+++ Information supplied

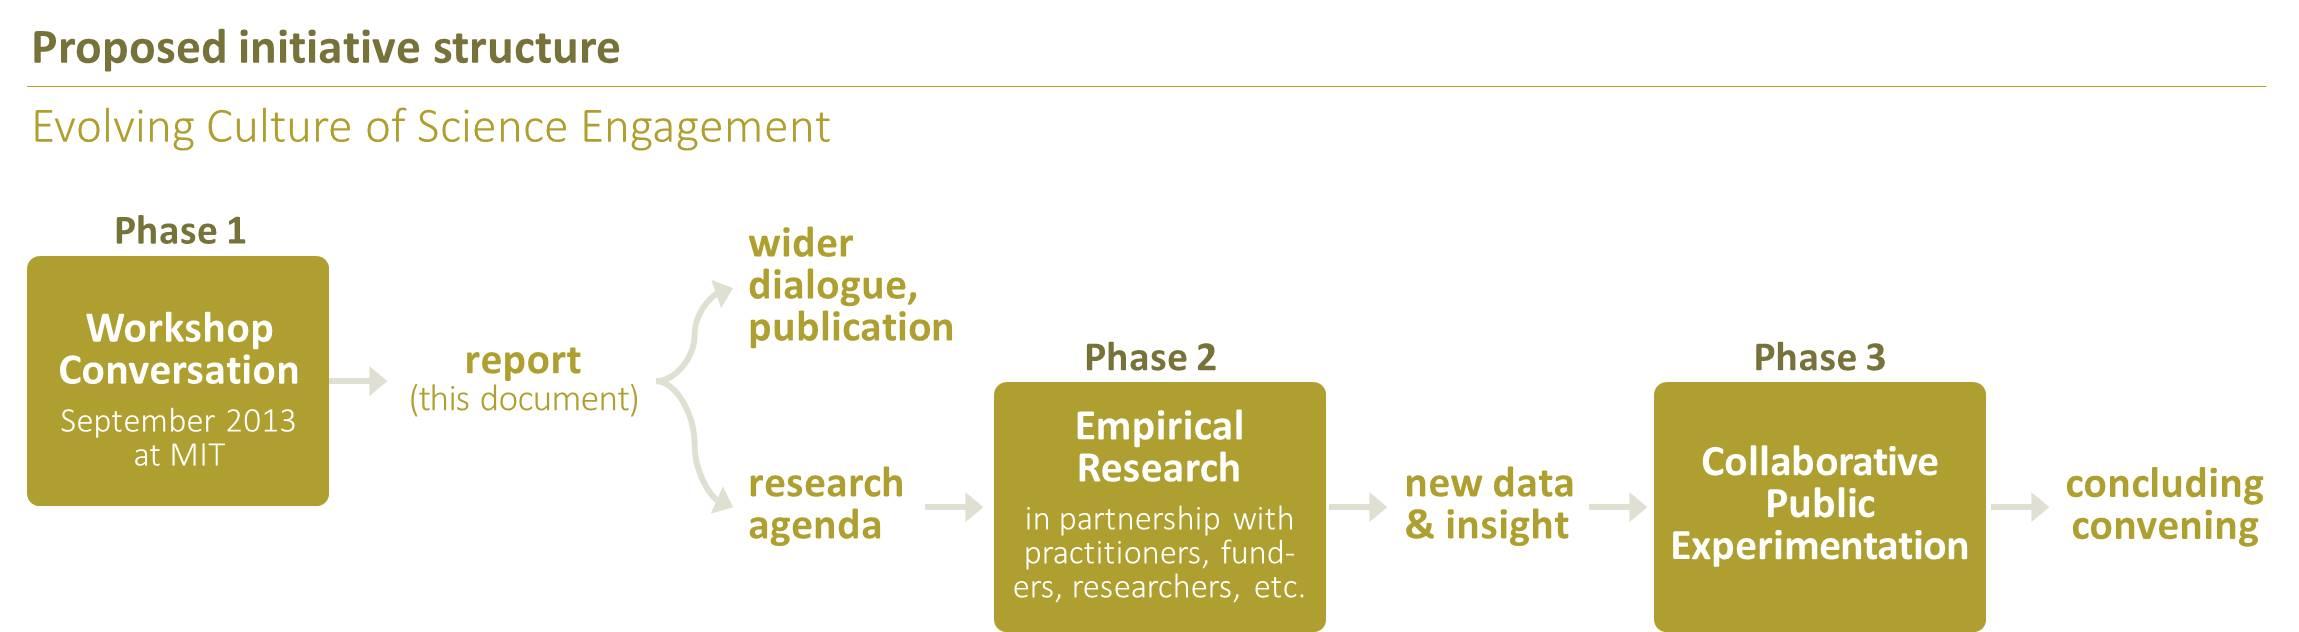 ECSE initiative potential structure diagram.jpg
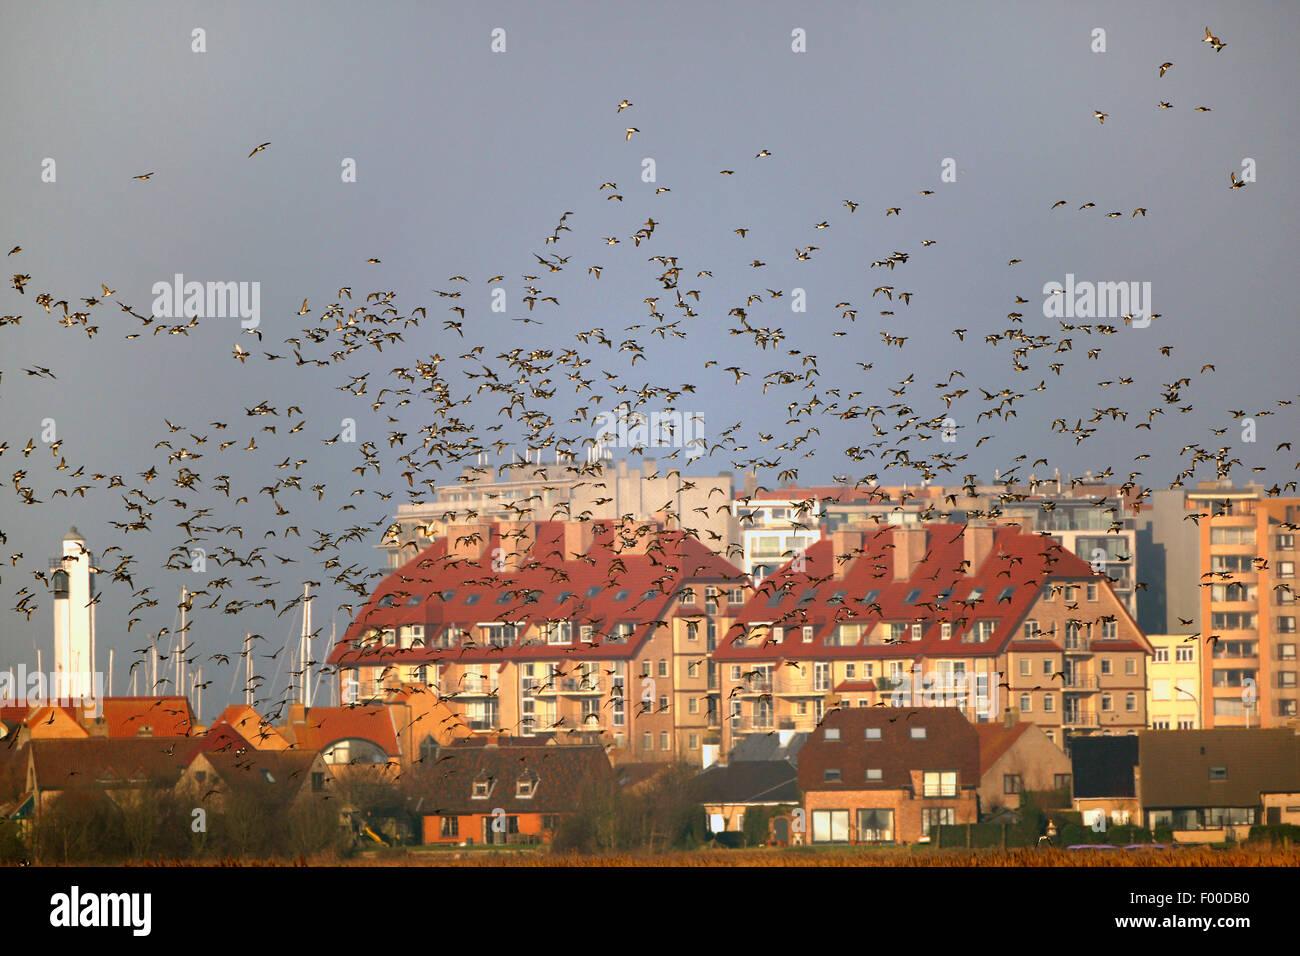 European wigeon (Anas penelope, Mareca penelope), flock in flight above field in winter along appartment buildings, - Stock Image
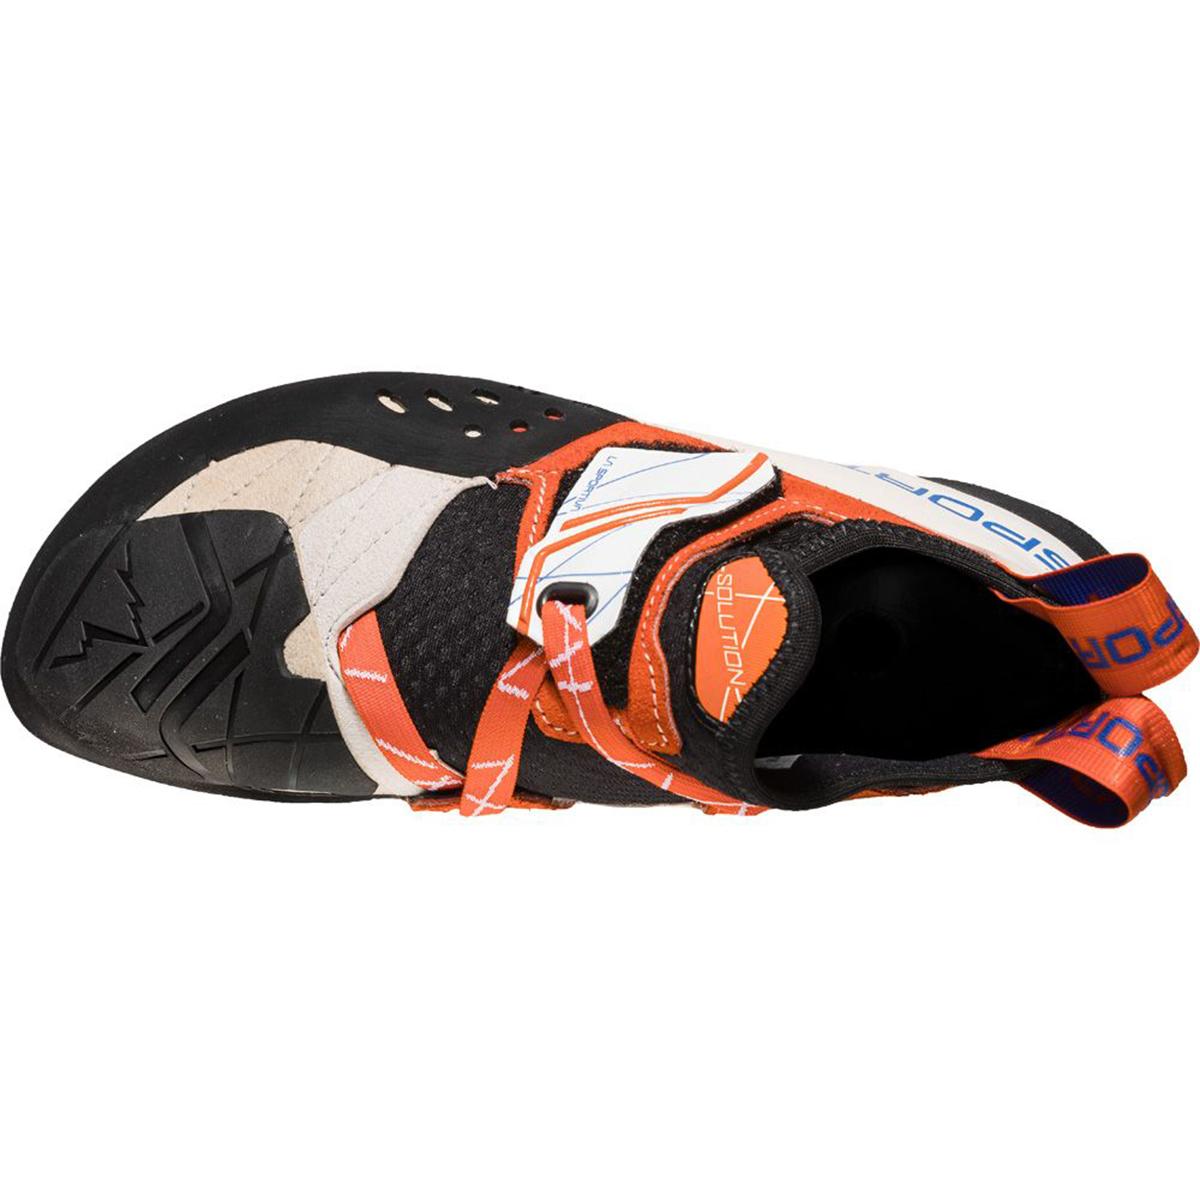 La Sportiva Solution Climbing Shoe Women

++++++

*Task directions*. Line by line, restate the data above exactly as it stands, minus the pictures.

*Result of the exercise*.
 ECSE initiative potential structure diagram.jpg
 European wigeon (Anas penelope, Mareca penelope), flock in flight above field in winter along appartment buildings, - Stock Image
 La Sportiva Solution Climbing Shoe Women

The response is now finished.